Once the capital account becomes fully convertible, Beijing risks a disruptive outflow of capital into foreign investments. Deutsche Bank assumes the government will be cautious in the early stages of liberalisation, having measures in place to control such outflows. But Deutsche also believes removing capital controls may lead to more inflows. Aside from foreigners currently facing restrictions on investment in mainland China, global interest rate differentials would favour such investment inflow. China’s current “cash rate” equivalent is 5.35%. Australia’s is 2.25%, and Australia is being swamped by offshore investors seeking better than the near-zero yields on offer elsewhere.
The PBoC would need to carefully consider its rate setting mechanism. And the PBoC also currently sets a deposit rate, as well as a lending rate, which it will need to abandon. And Beijing will need to address the issue of the two stock markets – one in Shanghai and one in Hong Kong – that operate for locals and foreigners respectively.
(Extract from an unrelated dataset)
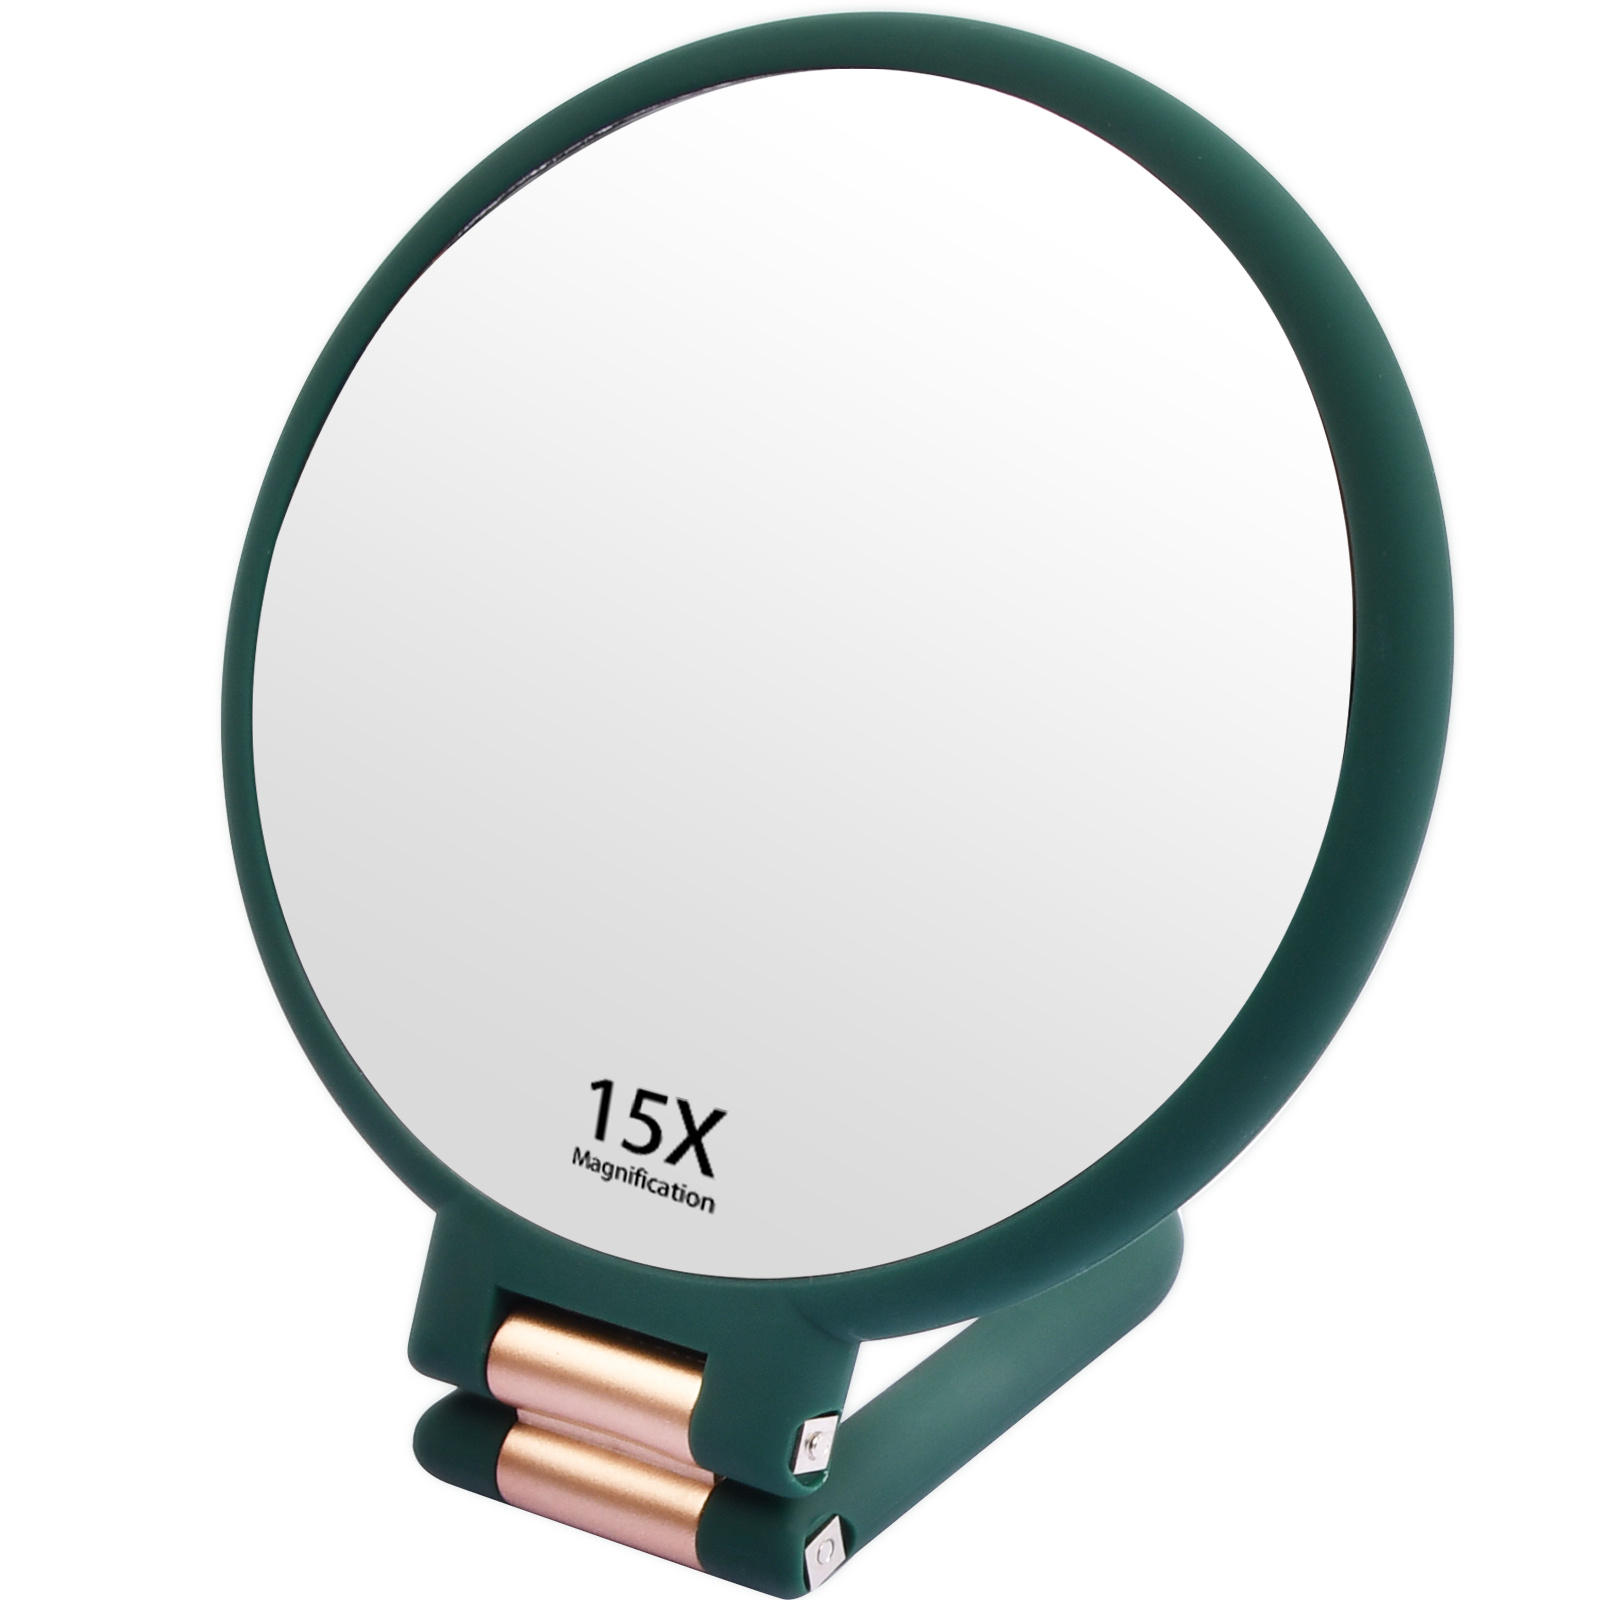 

1x 15x Magnifying Hand Held Mirror, Double Side Folding Hand Mirror For Women Men With Adjustable Handle, Travel Table Desk Shaving Bathroom - Green

CBA analysts see various obstacles on the path to full renminbi convertibility. In floating the renminbi, Beijing will no longer be able to return to a currency peg against the US dollar, as it has done on occasion in times of crises. Deposit rates will no longer be able to under government control. And a wider issue is that of the Chinese banking system. Despite being well capitalised, non-performing loans continue to accumulate in China’s banks and large state-owned banks have not yet fully shifted to operating under market-based principals.
CBA believes the greater risk to the renminbi, once convertible, is to the outflow side of the equation, given the currently weak macroeconomic backdrop and expected policy normalisation (the first Fed rate rise) in the US. The analysts do not see inclusion in the SDR as guaranteeing currency inflows. But certainly Beijing will need to weigh up the possibility of currency inflows, which would serve to appreciate the renminbi. The recently released Chinese trade data for March showed a much bigger than expected plunge in Chinese exports, which many exporters blame on a too-high renminbi exchange rate to QE-supported currencies such as the euro and yen.
CBA believes Beijing is being rather ambitious in assuming the renminbi could be accepted into the SDR basket this year. If rejected, China can apply again next year. Deutsche Bank is ascribing a 40% chance of acceptance this year and a 70% chance in 2016.
“We believe the market may be surprised in the next few years,” says Deutsche, “by how fast China moves on renminbi internationalisation and capital account liberalisation”.